Based on our results with AIC, we shouldn’t remove any predictors. However, when looking at p-values of the predictors from the original full model, we should remove the Education, Catholic, and Infant.Mortality predictors.
swiss.glm <- glm(Fertility_70 ~ Agriculture + Examination,family=binomial(link='logit'),data=swiss_df)
swiss.glm
##
## Call: glm(formula = Fertility_70 ~ Agriculture + Examination, family = binomial(link = "logit"),
## data = swiss_df)
##
## Coefficients:
## (Intercept) Agriculture Examination
## 9.69552 -0.06706 -0.37609
##
## Degrees of Freedom: 46 Total (i.e. Null); 44 Residual
## Null Deviance: 65.13
## Residual Deviance: 40.48 AIC: 46.48
summary(swiss.glm)
##
## Call:
## glm(formula = Fertility_70 ~ Agriculture + Examination, family = binomial(link = "logit"),
## data = swiss_df)
##
## Coefficients:
## Estimate Std. Error z value Pr(>|z|)
## (Intercept) 9.69552 3.30710 2.932 0.003371 **
## Agriculture -0.06706 0.03098 -2.165 0.030420 *
## Examination -0.37609 0.11286 -3.332 0.000861 ***
## ---
## Signif. codes: 0 '***' 0.001 '**' 0.01 '*' 0.05 '.' 0.1 ' ' 1
##
## (Dispersion parameter for binomial family taken to be 1)
##
## Null deviance: 65.135 on 46 degrees of freedom
## Residual deviance: 40.484 on 44 degrees of freedom
## AIC: 46.484
##
## Number of Fisher Scoring iterations: 5
These results actually have a higher AIC than the original full model (46.484 vs 44.887). Based on this, I believe we should pick the full model as our GLM model, even though the p-values are not statistically significant. This is because the lowest AIC, the full model, shows that this is the best fit, even though each predictor independently is not significant.
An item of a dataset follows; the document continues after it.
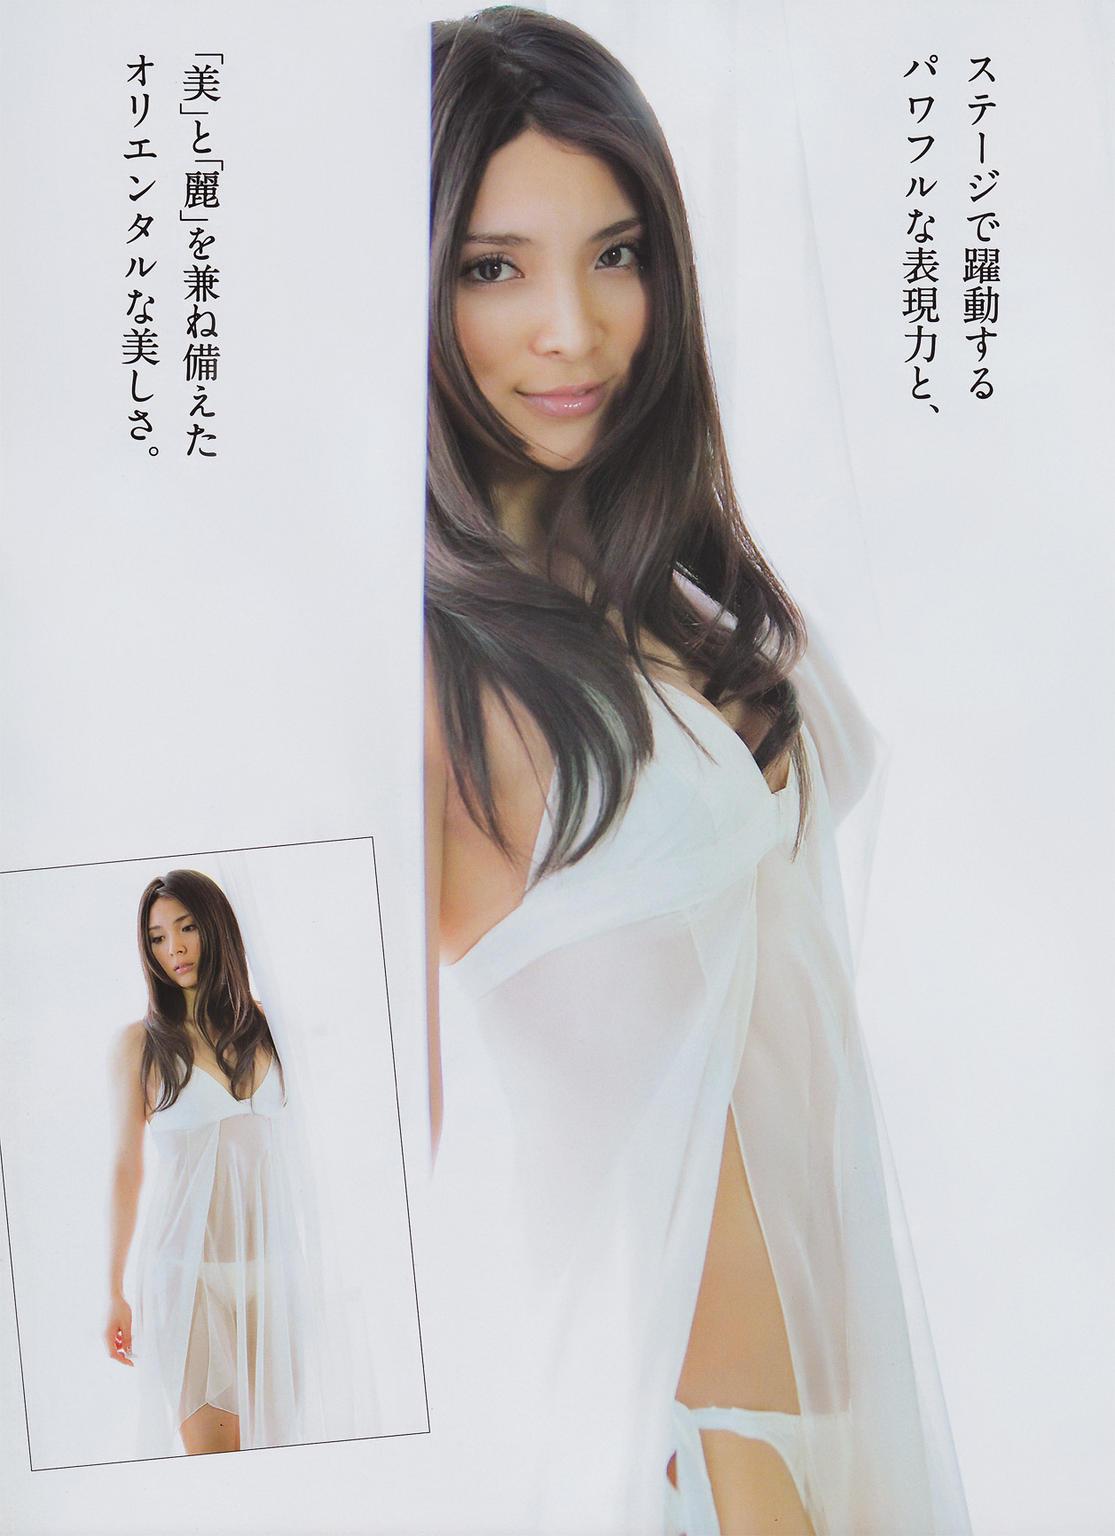 pictures Sayaka Akimoto

\[ {Log}_e(\frac{p}{1-p}) = 4.828 - Agriculture_i 0.096 - Education_i 0.121 - Examination_i 0.321 + Catholic_i 0.021 + Infant.Mortality_i 0.291 \]
To find the interpretation of each of the predictors, we’ll take the log odds of each.
agriculture <- exp(-0.09615)
Education <- exp(-0.12078)
Examination <- exp(-0.32116)
Catholic <- exp(0.02078)
Infant.Mortality <- exp(0.29078)
Increasing Agriculture by 1 unit decreases the odds of fertility > 70 by ~9% (1-0.91). Increasing Education by 1 unit decreases the odds of fertility > 70 by 11% (1-0.89). Increasing Examination by 1 unit decreases the odds of fertility > 70 by 27% (1-0.73). Increasing Catholic by 1 unit increases the odds of fertility > 70 by 2%. Increasing infant mortality by one unit increases the odds of fertility > 70 by 34%. The intercept is useless because zero values are not present in the data.